- _Supplied data_:
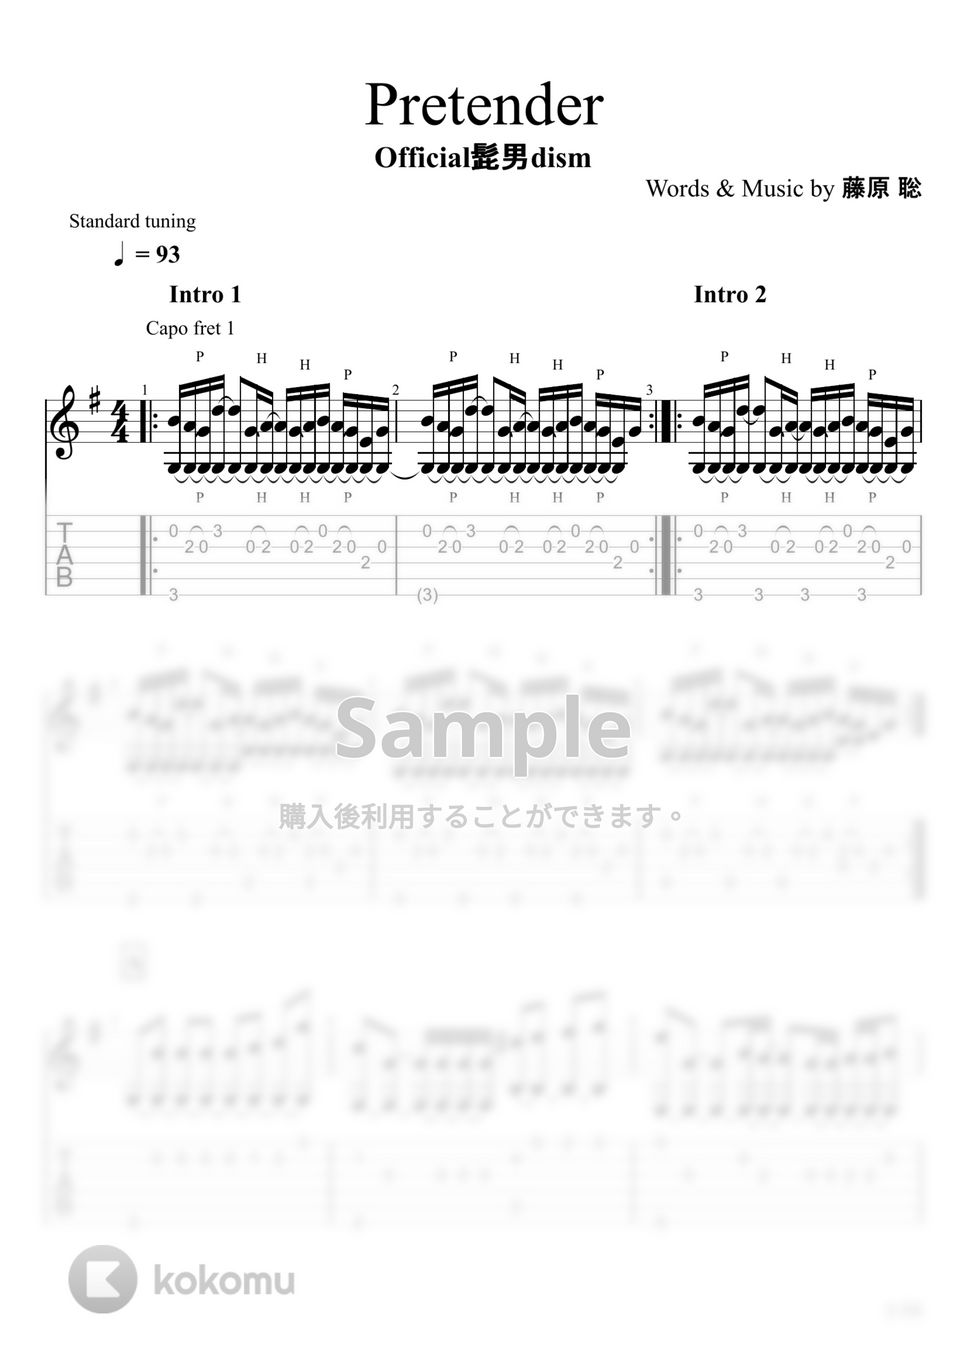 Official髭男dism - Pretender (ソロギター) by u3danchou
--
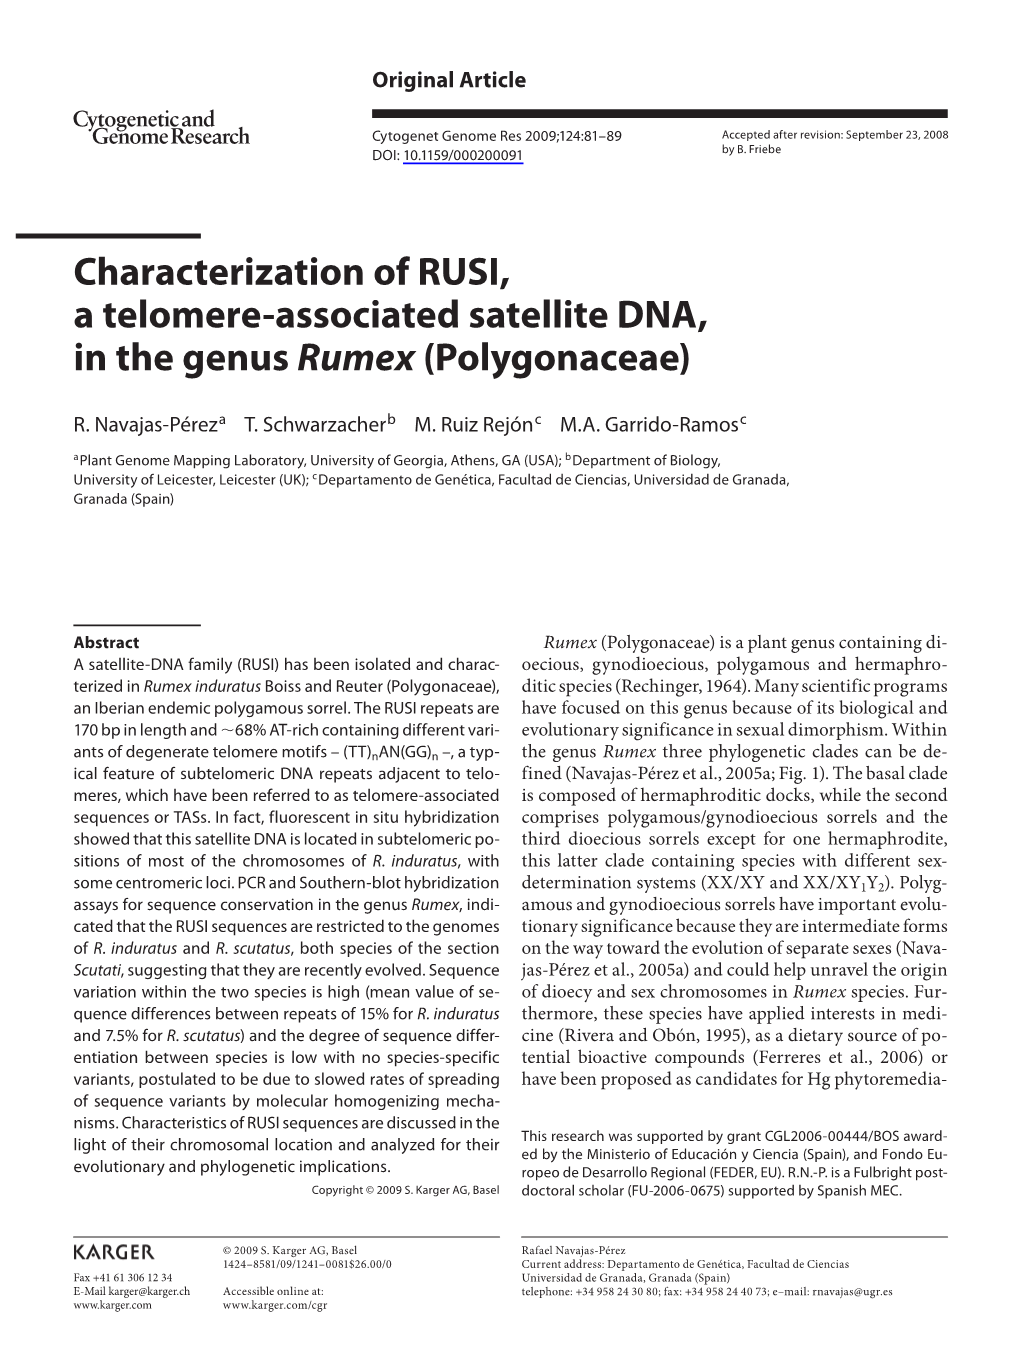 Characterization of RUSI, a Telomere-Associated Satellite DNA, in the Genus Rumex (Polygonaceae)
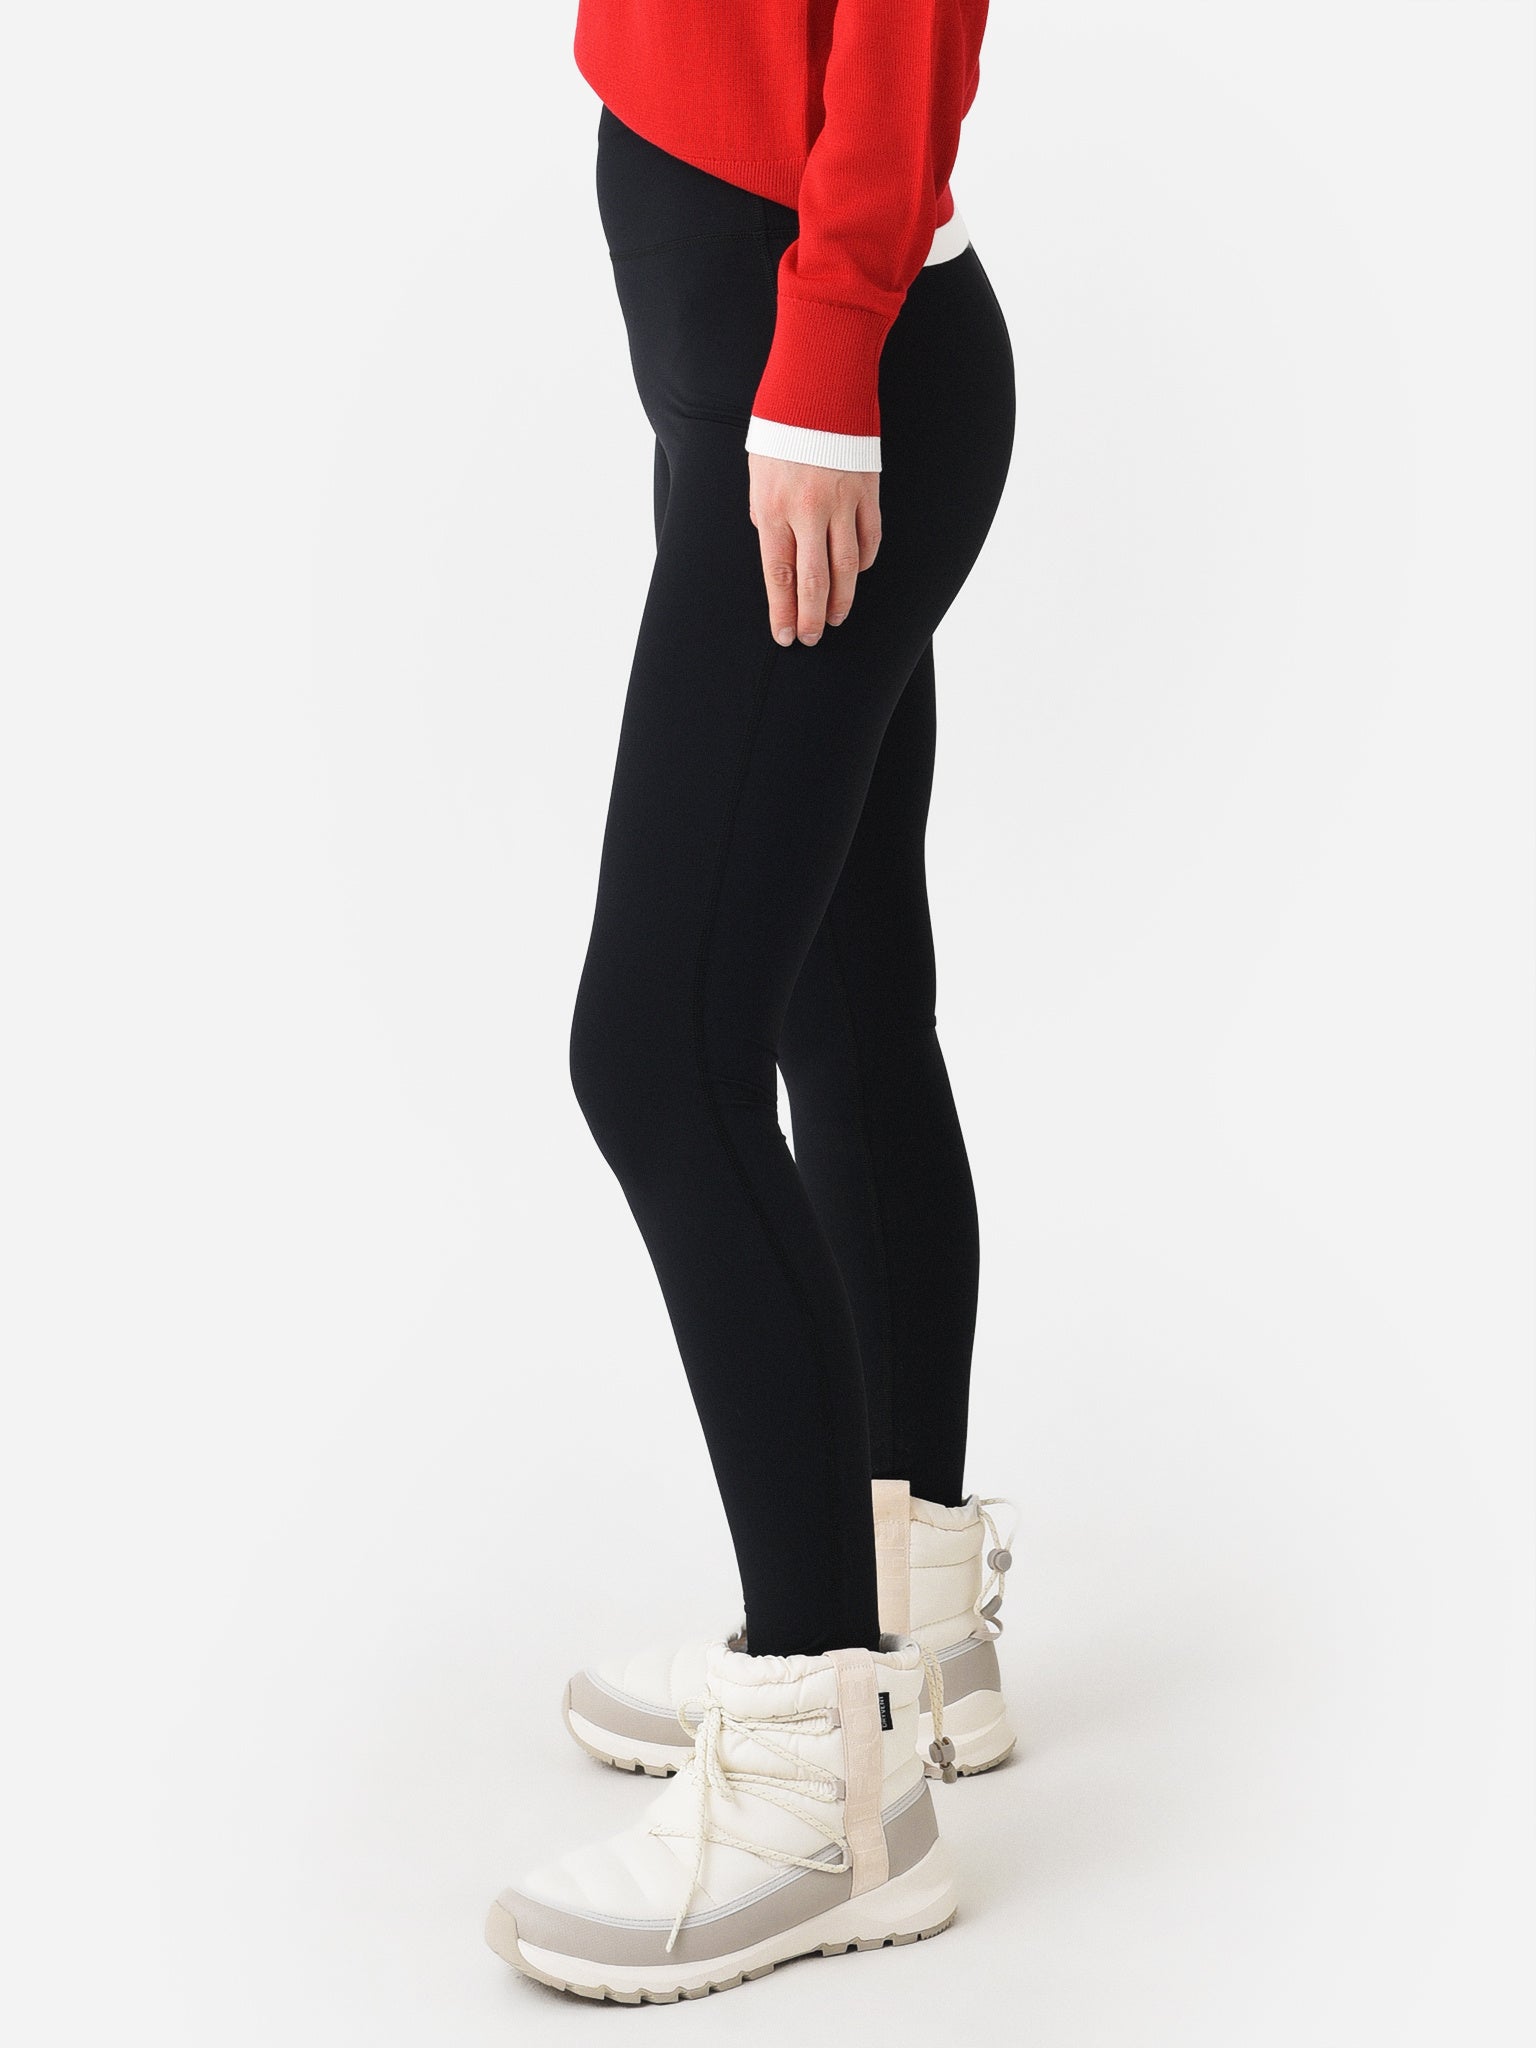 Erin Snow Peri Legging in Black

- _Work item_:
Starting at the line above that has "Characterization of RUSI, a" and ending at the line that has "Erin Snow Peri Legging in Black", copy each line exactly, leaving the pictures out and adding nothing.

- _Response box_:
 Characterization of RUSI, a Telomere-Associated Satellite DNA, in the Genus Rumex (Polygonaceae)
 Erin Snow Peri Legging in Black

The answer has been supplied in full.